Now you might be wondering what the internal metamodel test harness is needed for. OOA Tool could simply load the official metamodel and try to populate this directly when performing metamodel population. However, the Java population code would be very brittle and since the official metamodel has a tendency to change over time, this would lead to numerous bugs. The solution was to hardcode the official metamodel into a version specific population module. This hardcoded metamodel uses plenty of static constants to ensure Java population code doesn't get out of sync without compile-time errors appearing. The problem I then had was ensuring that the internal metamodel was not out of sync with the external official metamodel. This required a lenient project comparison facility since the internal metamodel treats all attributes as simple attributes (see discussion on static metamodel population below). However, the internal metamodel still uses all of the data types defined in the official metamodel for attribute value validation. Thus the job of the test harness was to report any differences between the internal and external metamodels. As it turned out there were a few errors detected which have been fixed. The need for a True Attribute object in the Information Model subsystem of the OOA of OOA was also discovered during this process.

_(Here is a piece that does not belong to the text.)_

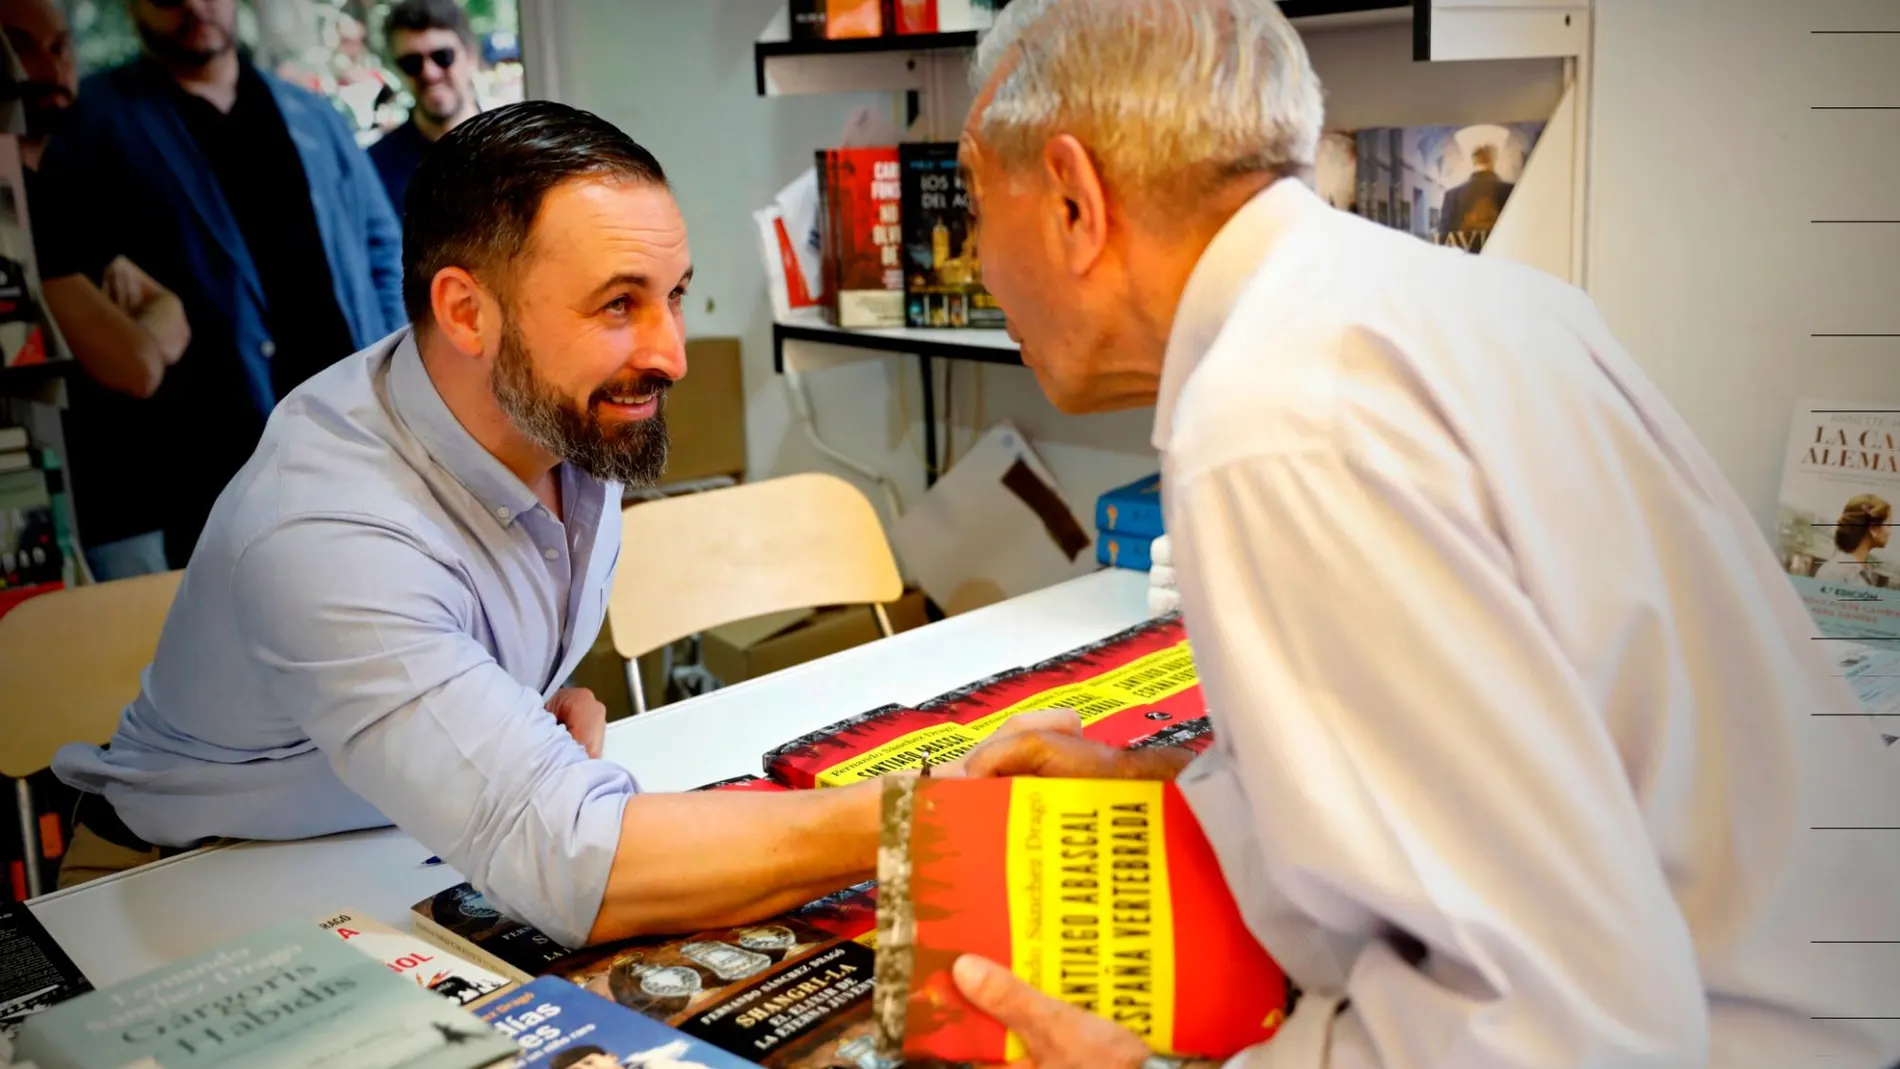 El presidente de Vox, Santiago Abascal, ha firmado libros junto a Fernando Sánchez Dragó en la Feria del Libro de Madrid/Gonzalo Pérez

It should be pointed out that a metamodel population is entirely static within OOA Tool while a model population needs to be dynamic reflecting relationship changes as they occur, i.e. referential and polymorphic attributes need to resolve their values across relationships. Making the metamodel population dynamic would be an enormous task since many of the relationships within the metamodel have very different representations within OOA Tool. This is compounded by the fact that old versions of the official metamodel need to be supported in OOA Tool ensuring that archetype templates don't need to updated every time the metamodel is updated. The main disadvantage to making metamodel populations static is that they must be manually repopulated by the user before running any translations.